START DATA SHOWN

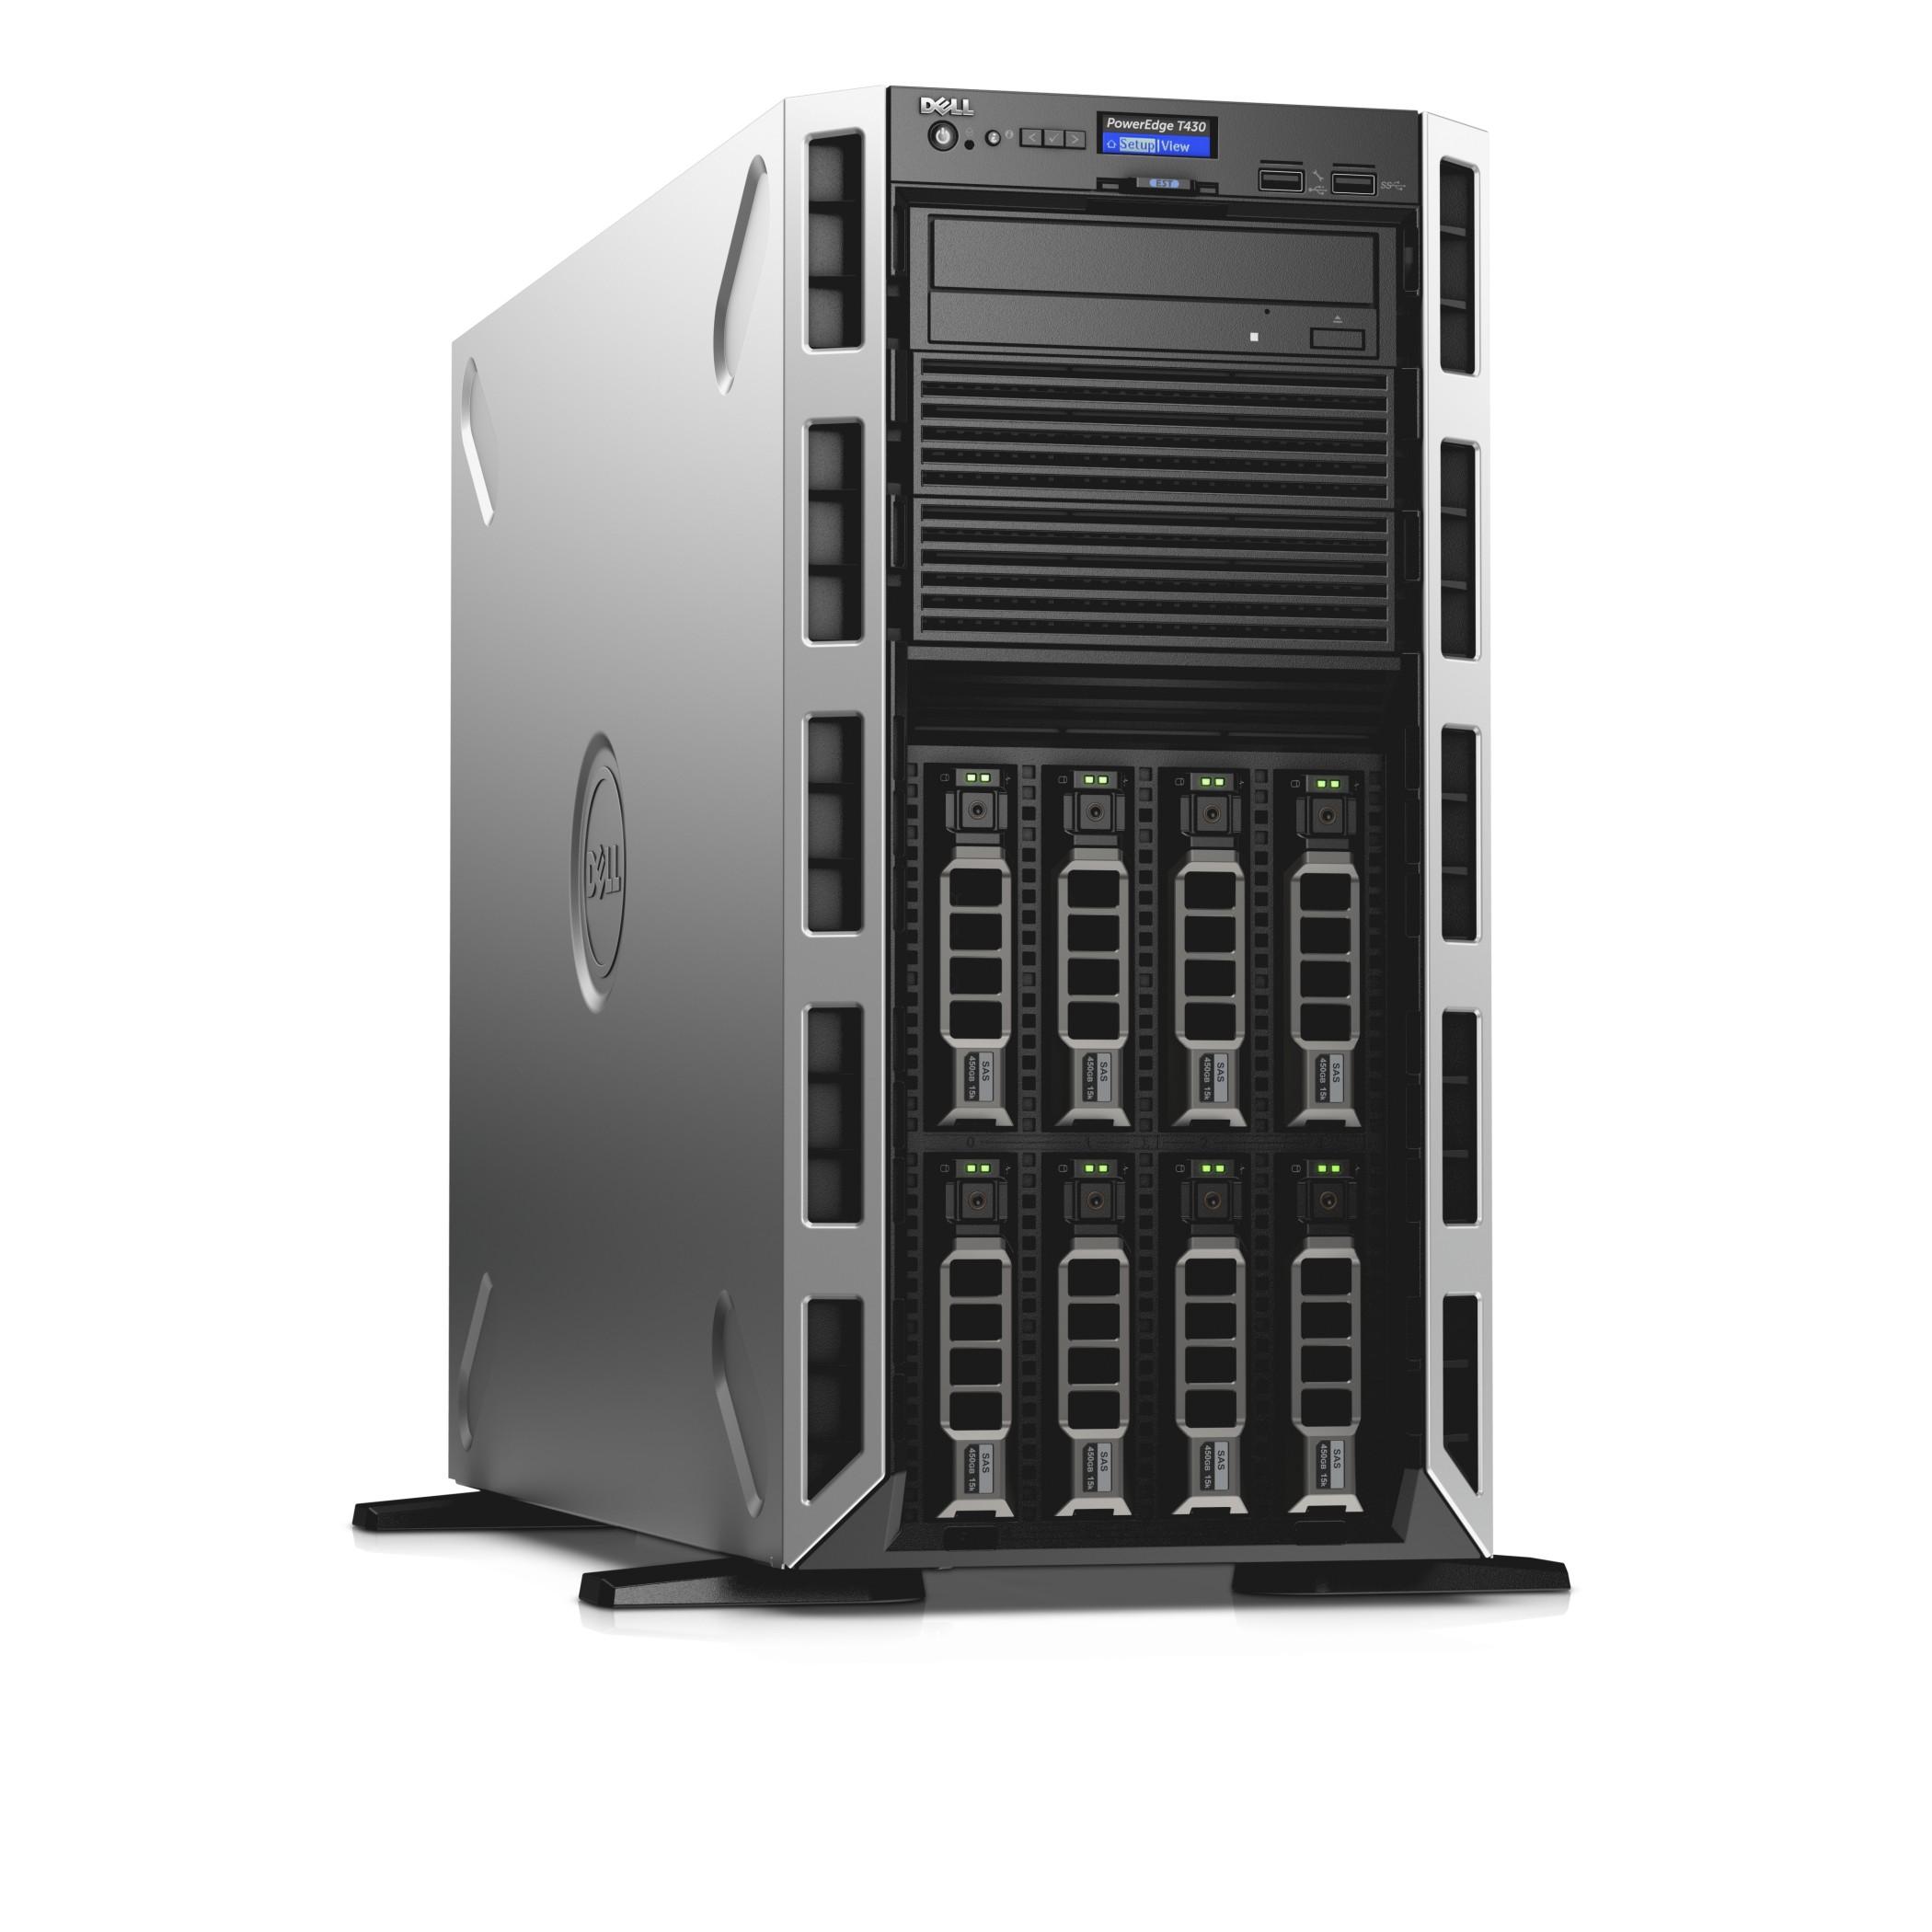 Dell Poweredge T430 Dell
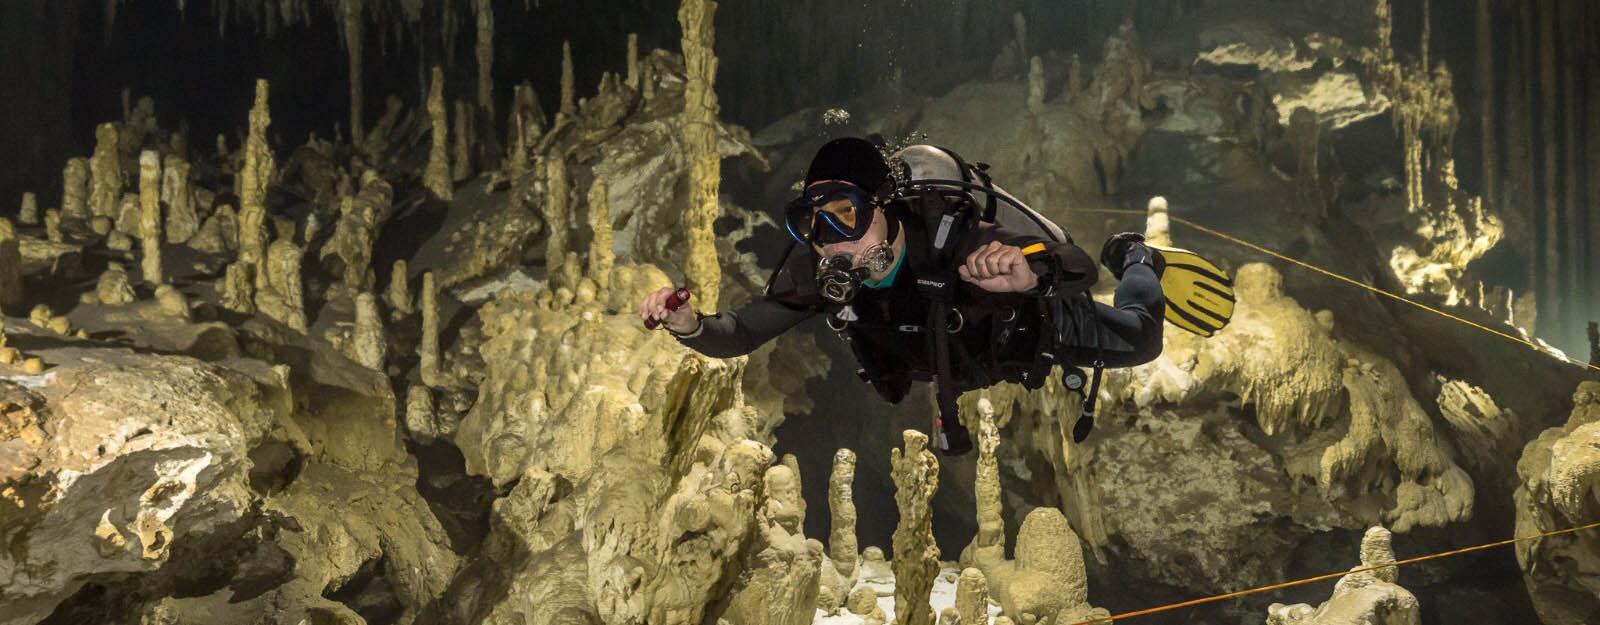 cenote dives in mexico
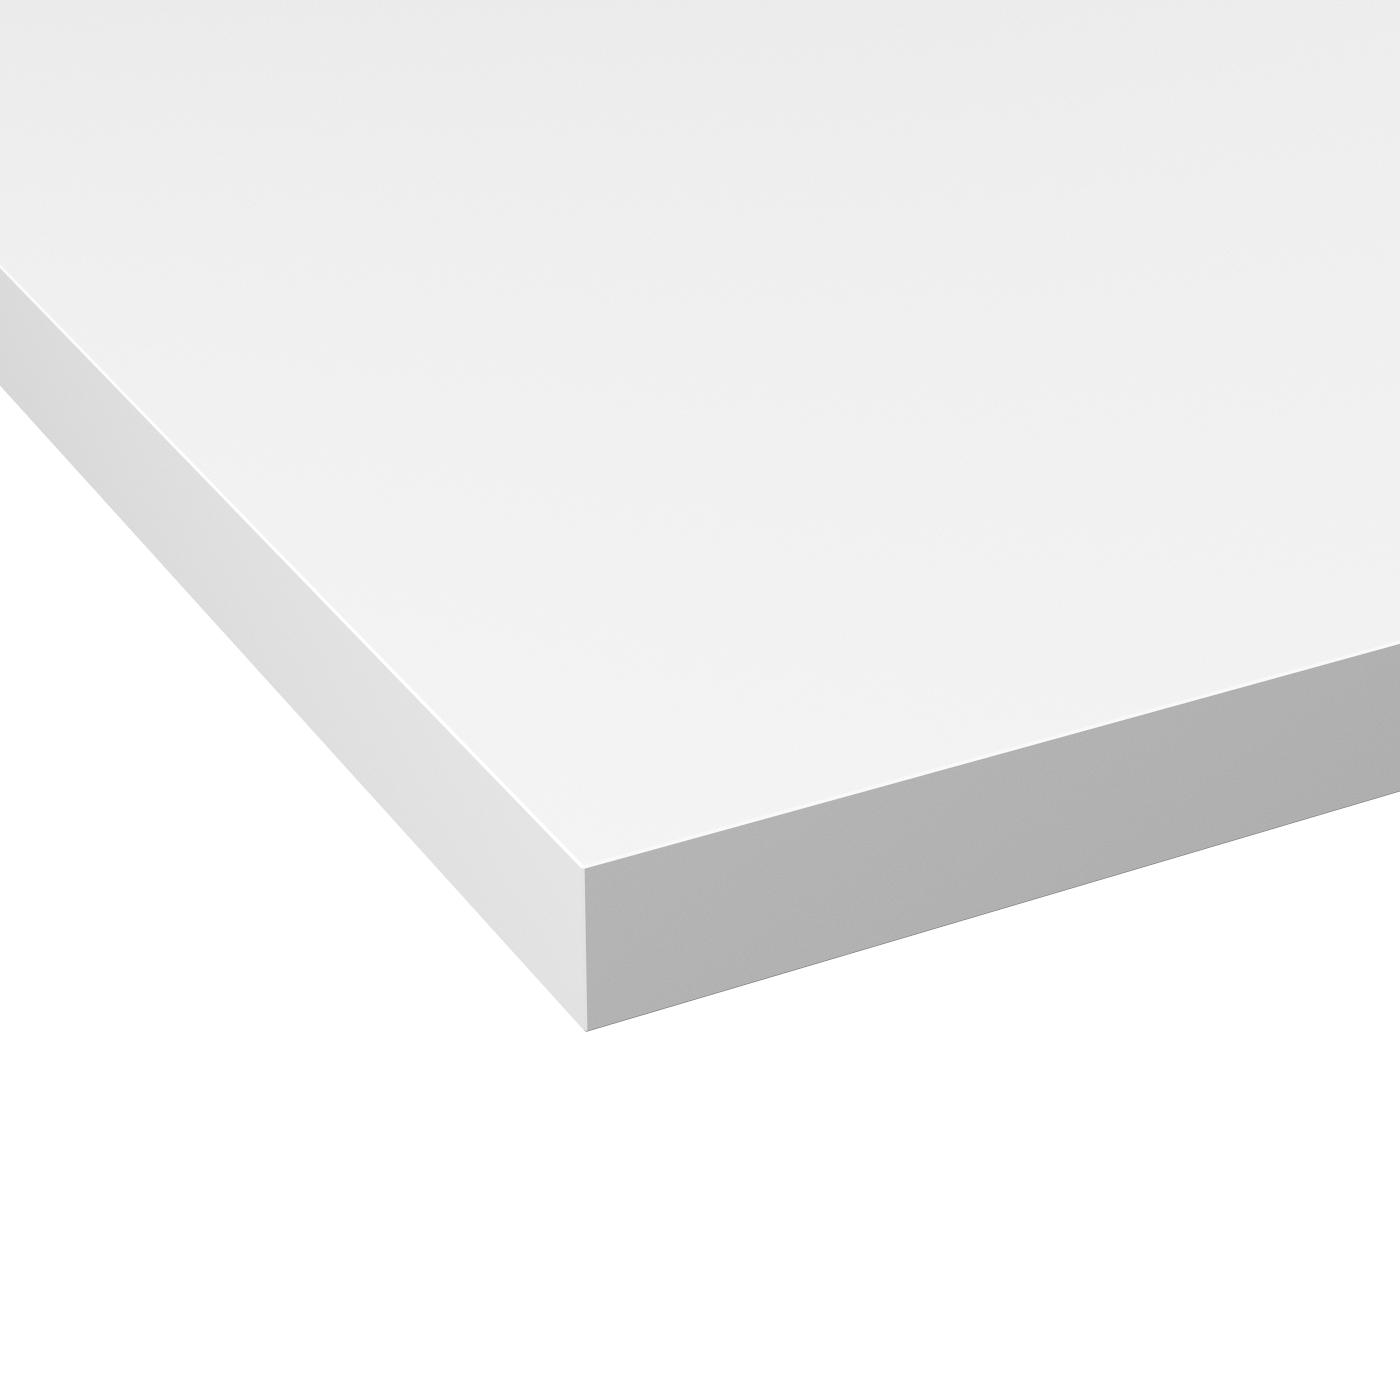 Micro Rayure Plan De Travail Stratifié plan de travail de cuisine n°119 décor blanc mat fenix ntm ® stratifié,  chant coordonné, l204 x l62 x e3.8 cm, planeko

END DATA SHOWN

= WHAT IS NEEDED =
Leave every picture out and set down exactly the lines running from the one with "cenote dives in mexico" to the last line of the material above.

= PROBLEM SOLUTION =
 cenote dives in mexico
 Micro Rayure Plan De Travail Stratifié plan de travail de cuisine n°119 décor blanc mat fenix ntm ® stratifié,  chant coordonné, l204 x l62 x e3.8 cm, planeko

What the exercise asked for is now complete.